Jean Barbeau, microbiologiste, responsable de la prévention du contrôle des infections, Université de Montréal

La lecture critique d’un article spécialisé peut demander plusieurs heures. La tâche s’est complexifiée dans les derniers mois de la pandémie avec l’interconnexion des paramètres. Connaître les vaccins ne suffit plus. Il faut maintenant tenir compte du nombre de doses, de temps entre les doses, du type de vaccin. Il faut savoir si les données sont des mesures en laboratoire ou sur le terrain, des variations entre les pays, des variants, fractionner les cas entre asymptomatiques ou sévères. Il faut connaître le type d’étude modélisation, régression linéaire, prospective etc. Les analyses statistiques sont-elles adéquates? Etc. Ça fait 30 ans que je suis en recherche sur l’immunologie et le contrôles des infections. J’analyse UN article présentement. J’y ai passé 3 heures aujourd’hui et ce n’est pas terminé.

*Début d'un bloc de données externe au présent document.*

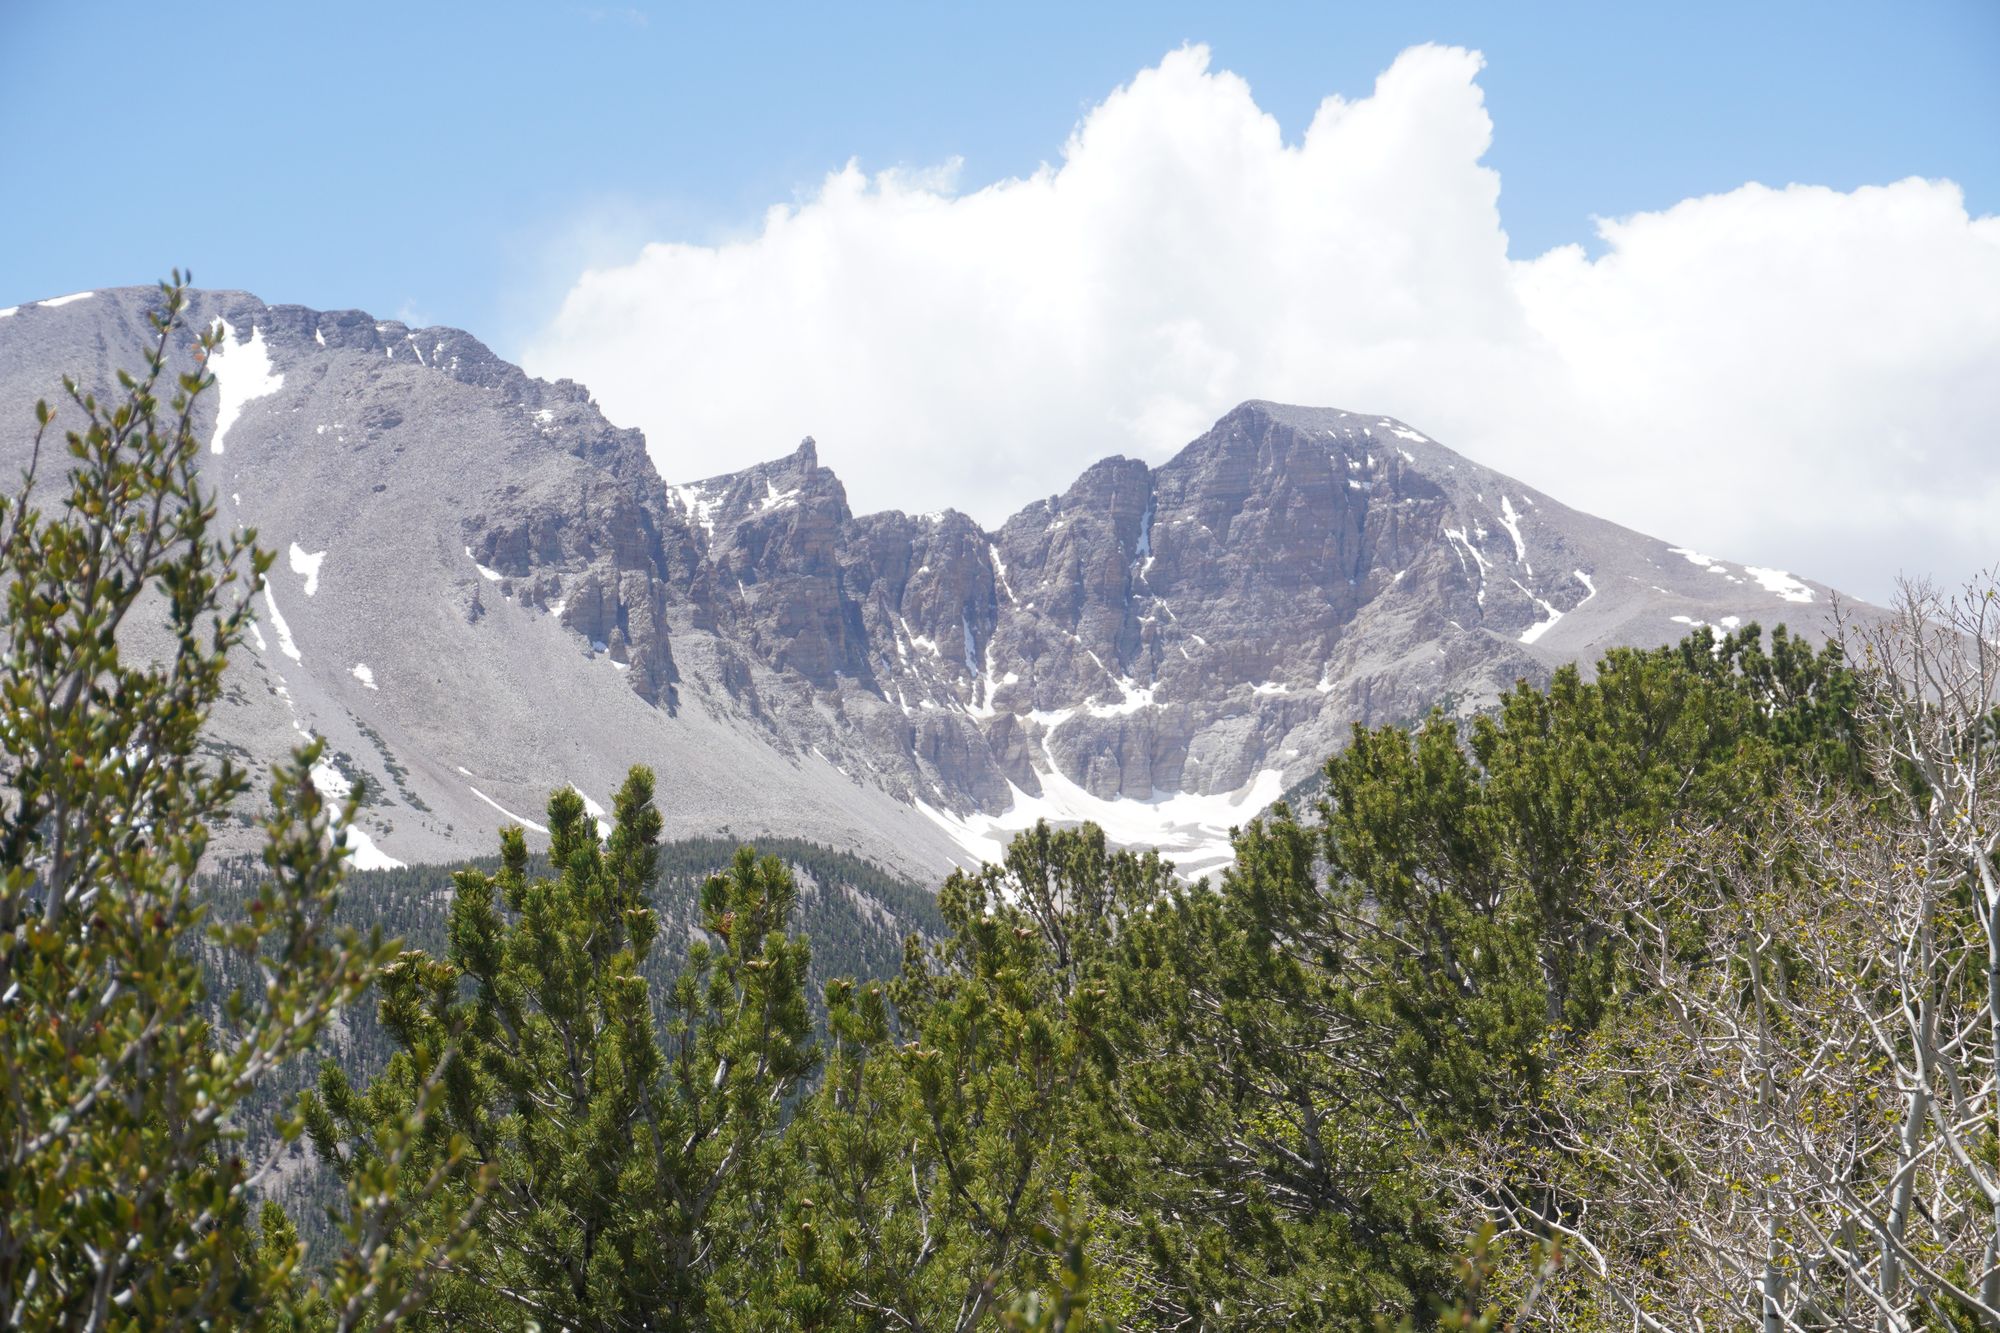 Backpacking in Great Basin National Park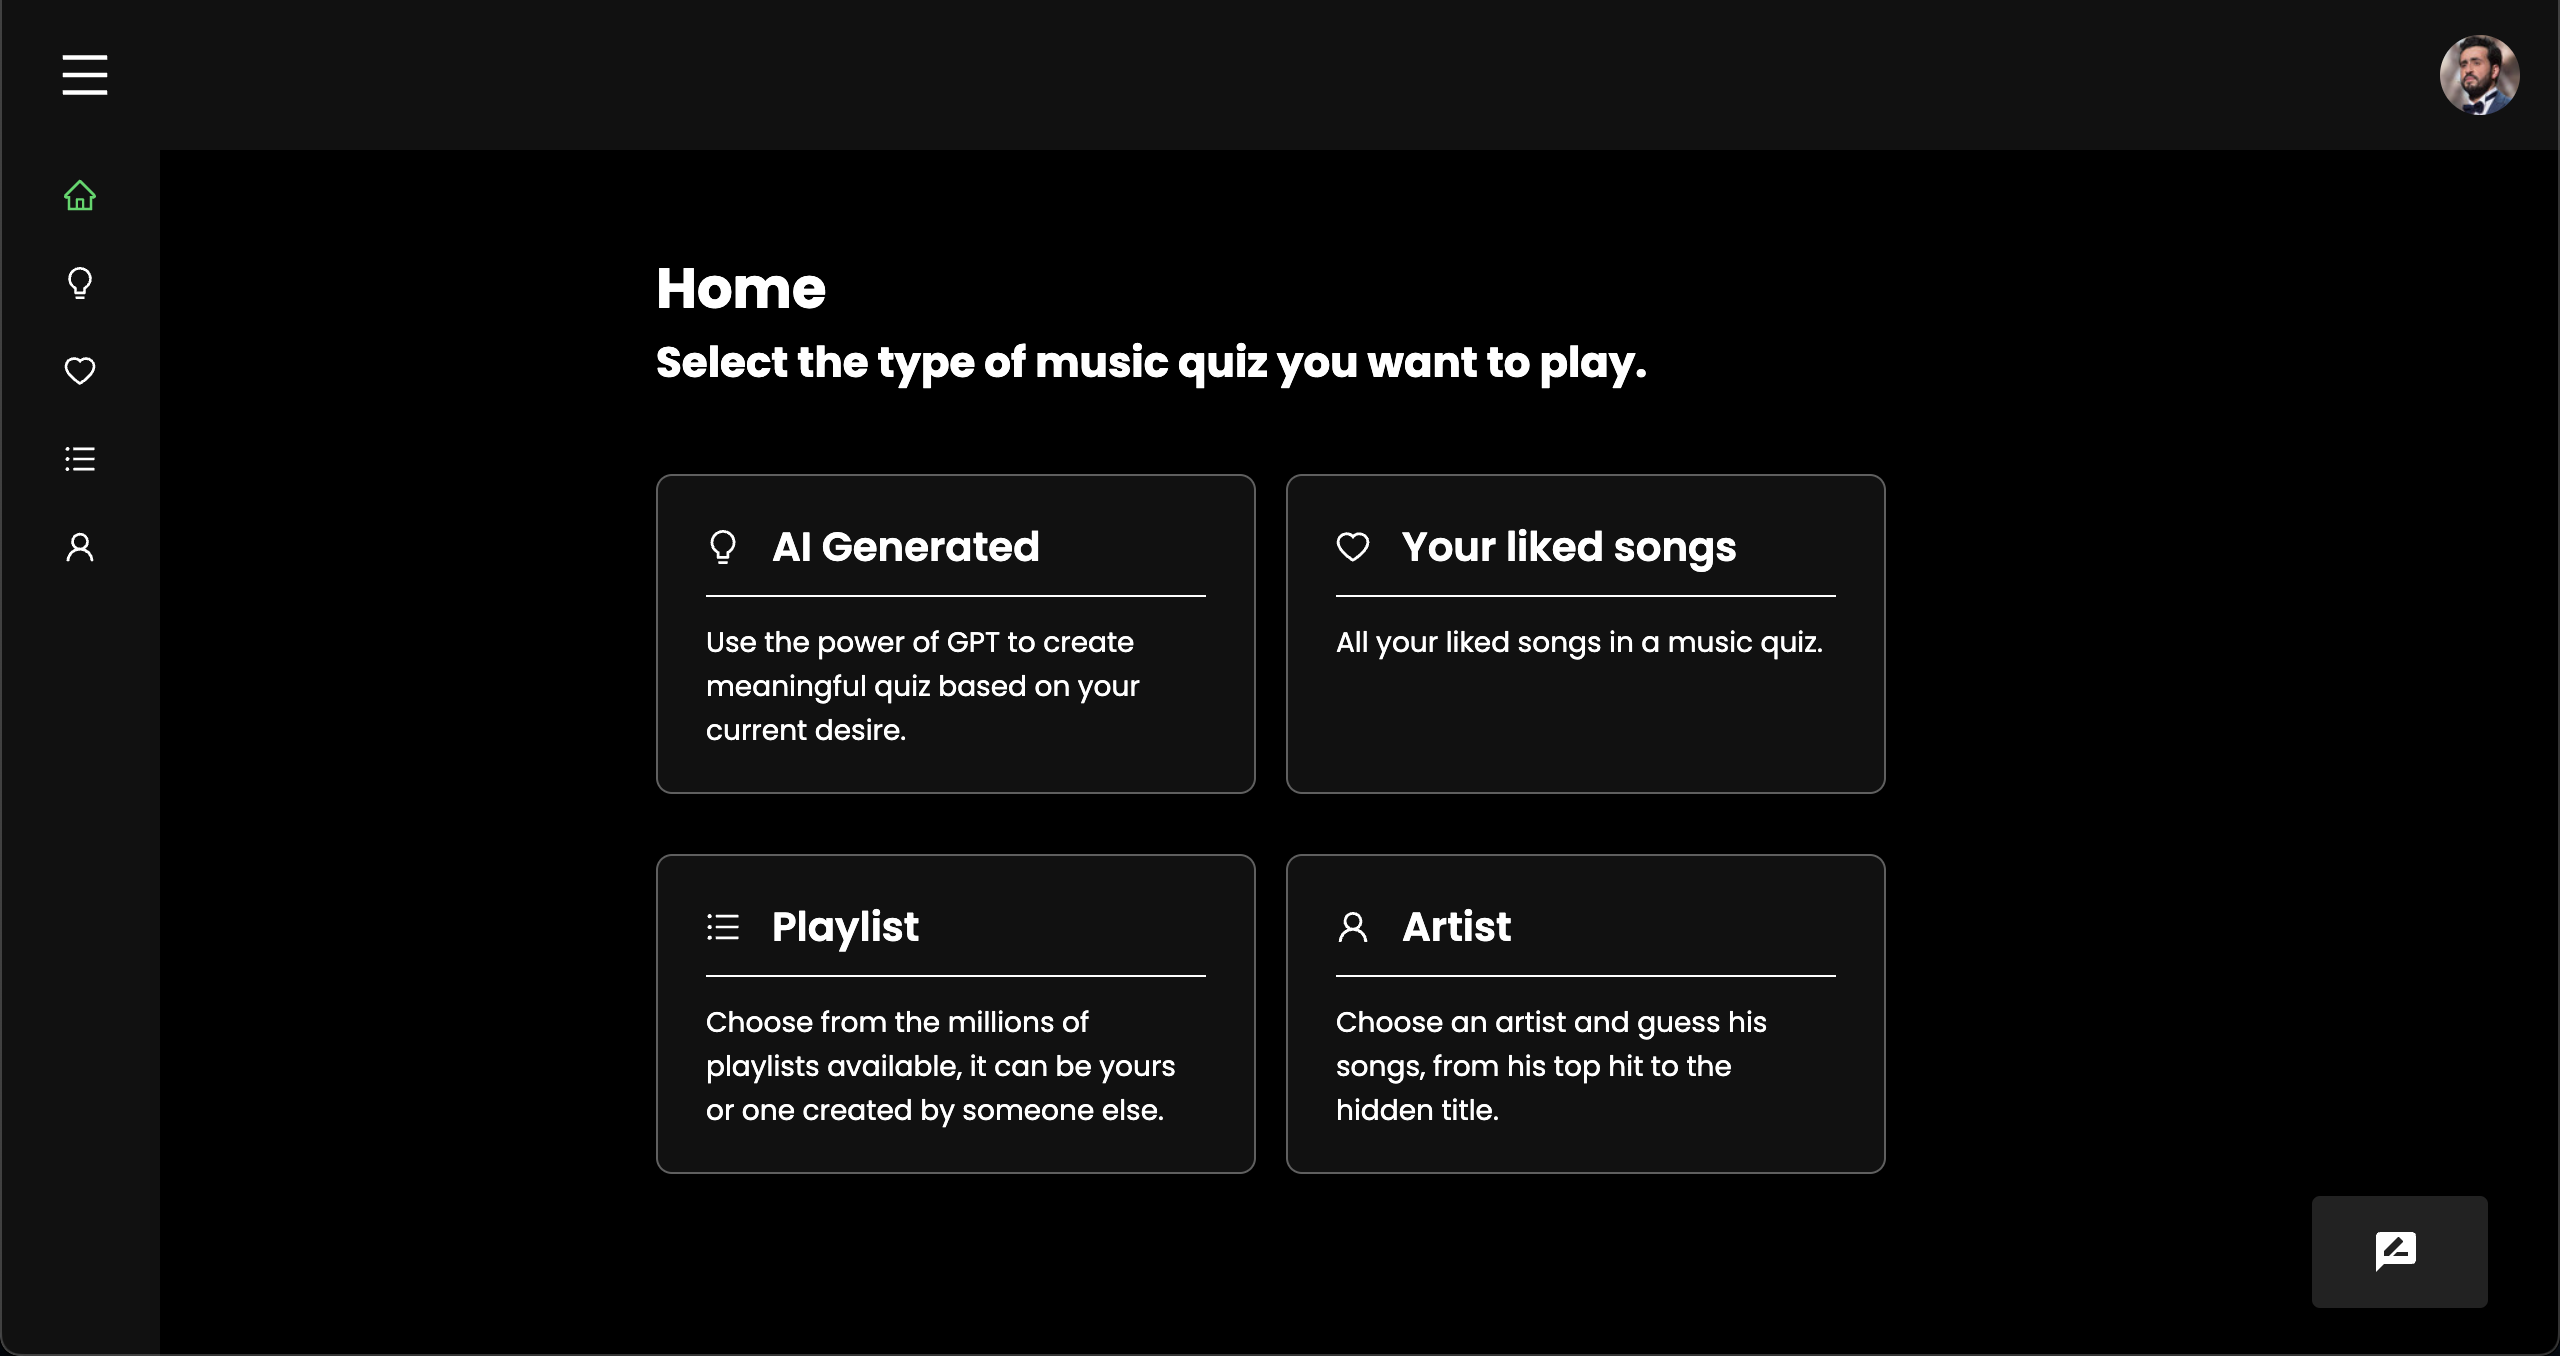 Getting started with Spotiguess

Lors du premier volet nous avons regardé l’impact de la charge virale sur la transmission de la COVID (ou de toute autre infections virale respiratoire).  Nous allons maintenant naviguer sur le terrain des vaccins pour tenter de comprendre pourquoi le nombre de doses est important lorsqu’on a affaire au variant Delta

Que font les anticorps au virus?

Les anticorps que vous produisez avec le vaccin ne « tuent » pas le virus. La fonction première de ces anticorps est de recouvrir la clé qui va déverrouiller le récepteur ACE2 de vos cellules pour faire entrer le virus.  Si le virus ne peut entrer dans vos cellules il n’y aura pas d’infection. Je pourrais lancer des millions de SARS-CoV-2 dans votre nez, si la clé des virus ne marche plus vous serez protégé.  La clé en question c’est la protéine S.  Les vaccins vous présente la clé : vous allez donc produire ce qu’il faut pour qu’elle n’entre plus dans la serrure ACE2 de vos cellules.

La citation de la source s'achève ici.